Still, many noted that Apple's announcement wasn't a disaster. There were some big announcements: The new device will go on sale in the United States Oct. 14 on the AT&T (Fortune 500), Verizon ( , Fortune 500), and -- for the first time -- Sprint ( , Fortune 500) networks.,
The iPhone 4 will get a price cut to $99, and the iPhone 3GS will be offered for free with a new contract, opening up the iPhone to a new set of price-conscious customers.
"Most consumers don't read gadget blogs, they just go to the Apple store, and they buy iPhones," said Michael Gartenberg, analyst at Gartner. "There are lots of reasons why existing customers will want to upgrade. This is an evolutionary design with a a lot of revolutionary features."
It's been 15 months since Apple's iPhone 4 went on sale, making this lag between new models the longest since the iPhone debuted in 2007.

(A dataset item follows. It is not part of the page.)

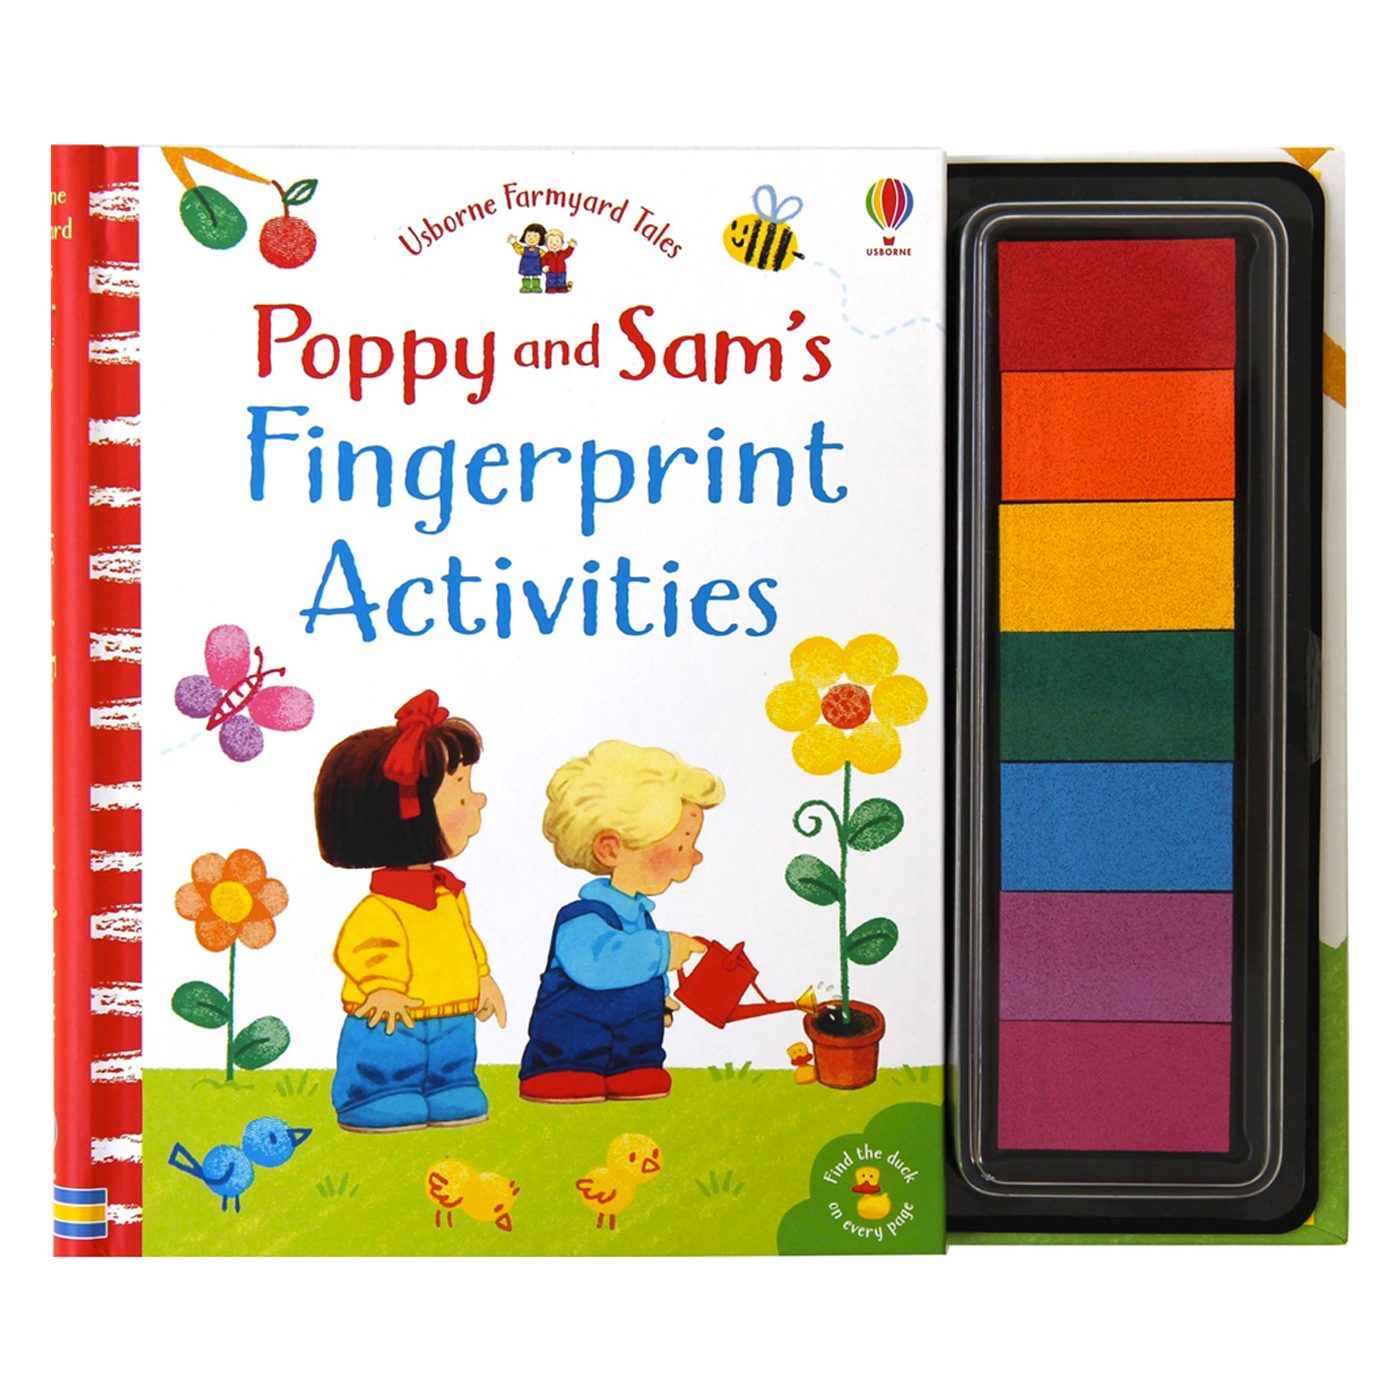 USBORNE Poppy and Sam's Fingerprint Activities

Apple has typically unveiled its new iPhone at its Worldwide Developers Conference in June. But this year, Steve Jobs reserved that time to preview the company's new software, including the iPad and iPhone's iOS operating system, the new Mac OS X Lion operating system, and iCloud.
Despite the delays in launching a new version, demand for the iPhone 4 has remained insatiable. Apple sold a record 20 million of the devices in the second quarter, and early analysis points to another record quarter over the past three months. A recent RBC Capital survey suggested sales of the new iPhone would likely top those of the record-setting iPhone 4.
"Consumers are still buying the iPhone 4 in large quantities," said Gartenberg. "It's hard to name many phones on the market that are more than 1 year old, never mind sell them."
The fall is also when Apple has traditionally updated its iPod lineup, so company announced that it's refreshing both the Nano, which will go on sale Tuesday, and the iPod Touch, which will launch on Oct. 12.
The Nano got improved navigation with finger swipes, and the price was reduced: $129 for the 8-gigabyte model and $149 for 16 GB. The Touch will come in white, it will run the new iOS 5 software, and the cost was lowered by $100 -- starting now at $199 for the 8 GB model.